The lowest amount of ATP that could be detected in bacterial cultures using this method was determined using the values of the solution without ATP (control), being 58.2 cps for the dilutions and 45.2 cps for the swabs (Table S5). Based on these values and the standard deviation of the sample with the lowest ATP concentration from the linearity curve, the limit of detection (LOD) was calculated and used as a background value in the next parameters’ measurements using our luminometric detection system. The limit of detection was defined as the average value of the lowest ATP concentration measured along the linearity curve (5.00 × 10−1 nM), which was 1.0 × 104 cps for the dilutions and 2.7 × 103 cps for the swabs, according to the “Linearity” parameter.
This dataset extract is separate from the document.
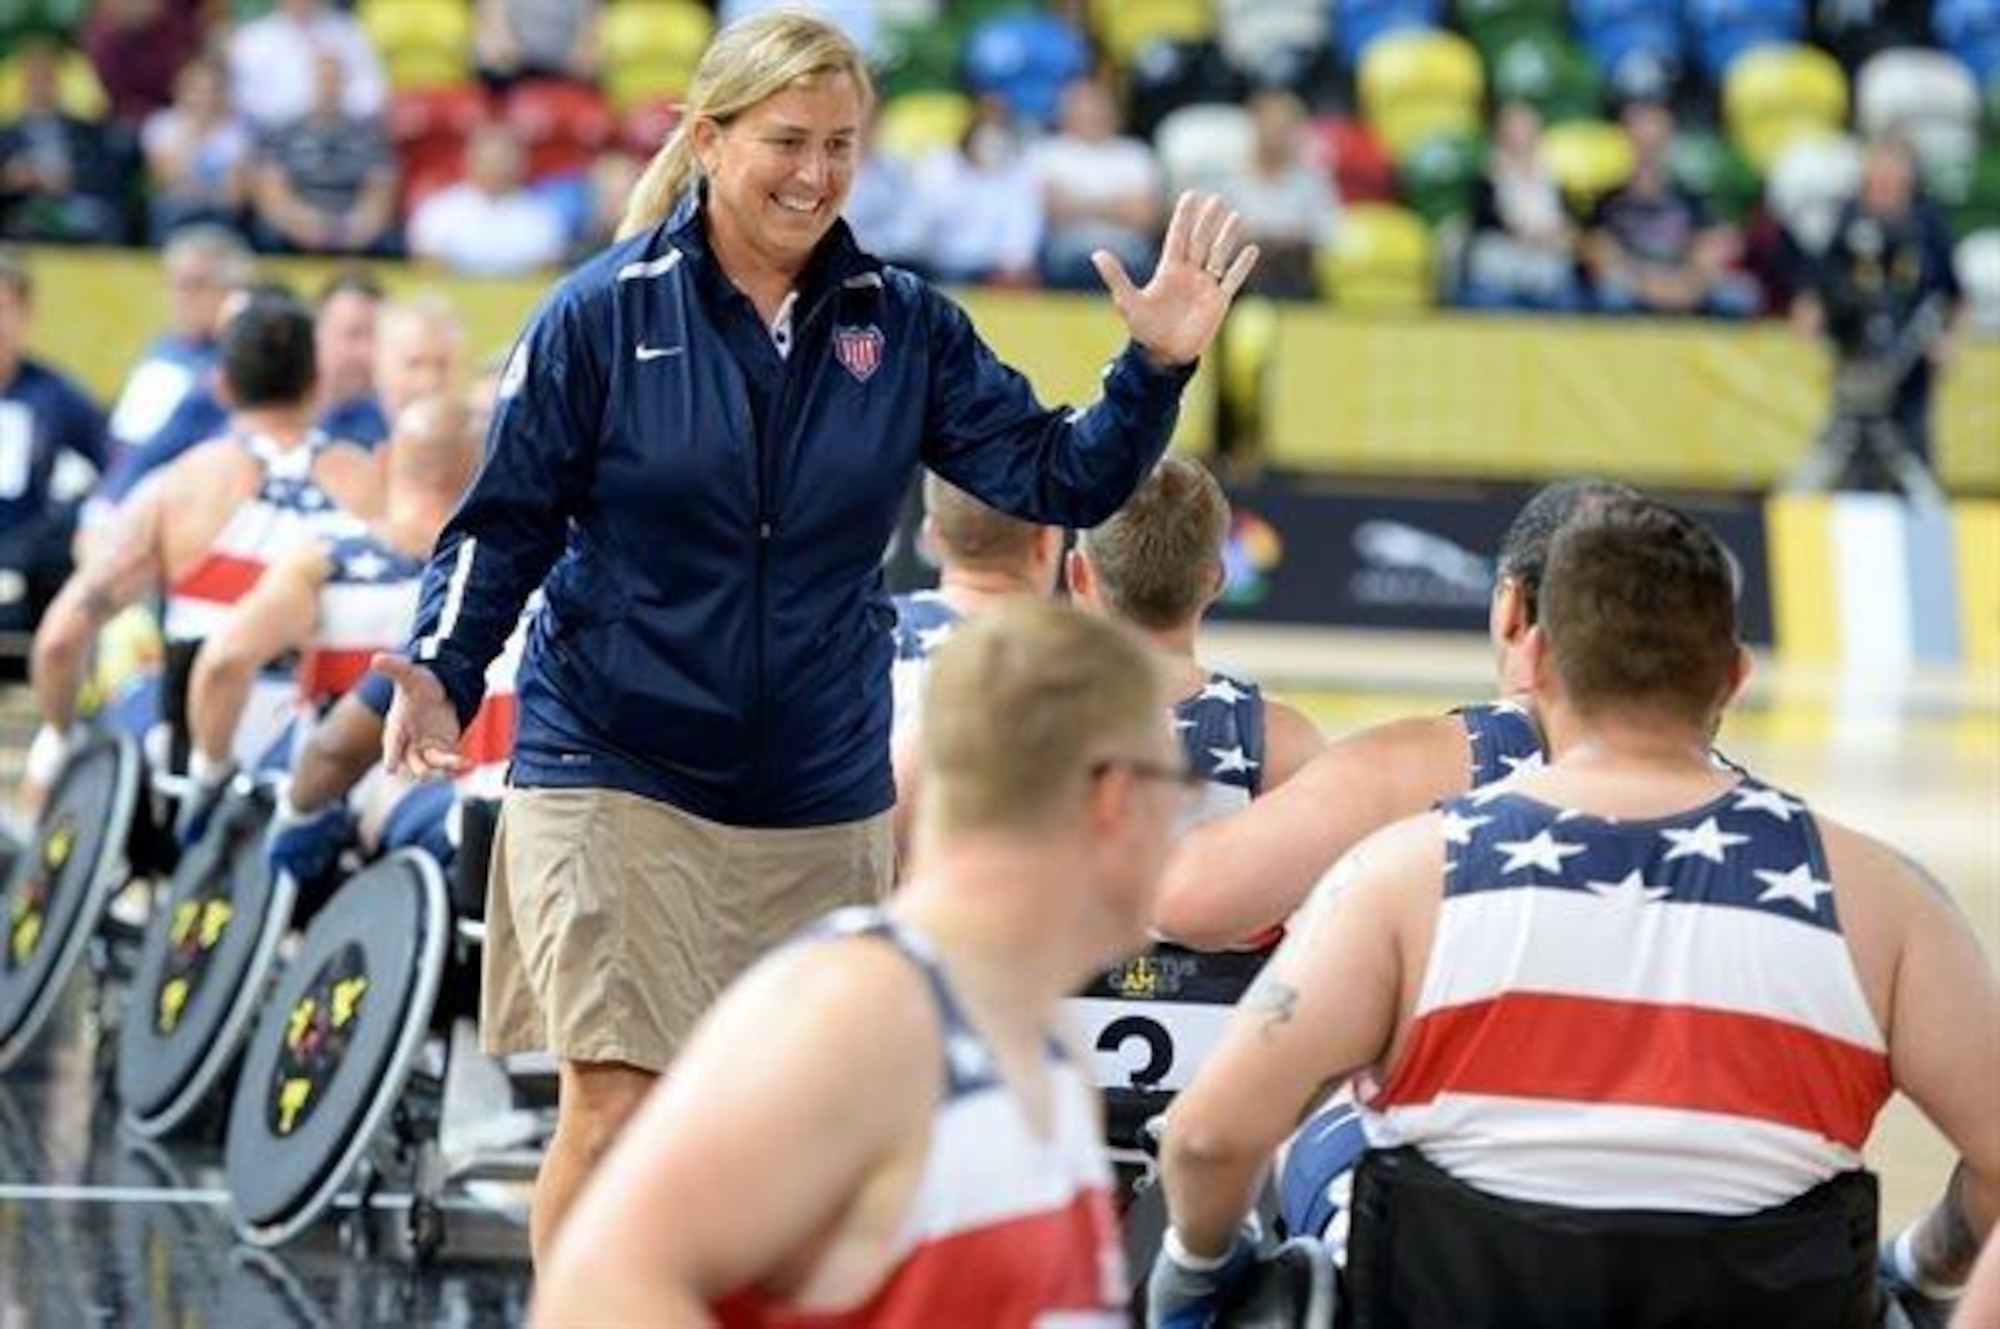 The American wheelchair rugby coach congratulates her team after their 14-4 victory over Australia in a wheelchair rugby match Sept. 12, 2014, at the 2014 Invictus Games in London. Invictus Games is an international competition that brings together wounded, injured and ill service members in the spirit of friendly athletic competition. American Soldiers, Sailors, Airmen and Marines are representing the U.S. in the competition which is taking place Sept. 10-14. (U.S. Navy photo/Mass Communication Specialist 2nd Class Joshua D. Sheppard)

3.4. Interday and Intraday Precision

All precision acceptance criteria of three different concentrations (high, medium and low) when comparing with the standard ATP value were met for the cultures in dilutions and swabs (Tables S6–S9). In the interday assessment, the requirement was between 15.4% and 27.4%, and in the intraday assessment, it was between 4.9% and 16.5%, both within the accepted limit of 35%. The precision values indicate that the method is repeatable on the same day (intraday) or on different days (interday).

3.5. Accuracy

According to the criteria established to verify the accuracy of the extracted ATP concentrations in dilutions and swab, when compared with a standard curve of ATP established by means of Student’s t-test, all acceptance criteria were met: the dilutions and the swabs reached 72% and 71% accuracy, respectively, both within the allowed recovery criteria (between 70 and 100%).

3.6. Matrix Effect

The results for the accuracy of the matrix effect evaluation (Table S10) were 71% and 70% for the dilutions and the swabs, respectively, within the established criteria (70–100%), demonstrating that the method was not affected by endogenous components of the matrix or of the swab. Considering that the accuracy of the method calculated for the culture in dilution mode and in the swabs was 72% and 71%, respectively, the accuracy calculated by the matrix effect is very close to the values established in the culture.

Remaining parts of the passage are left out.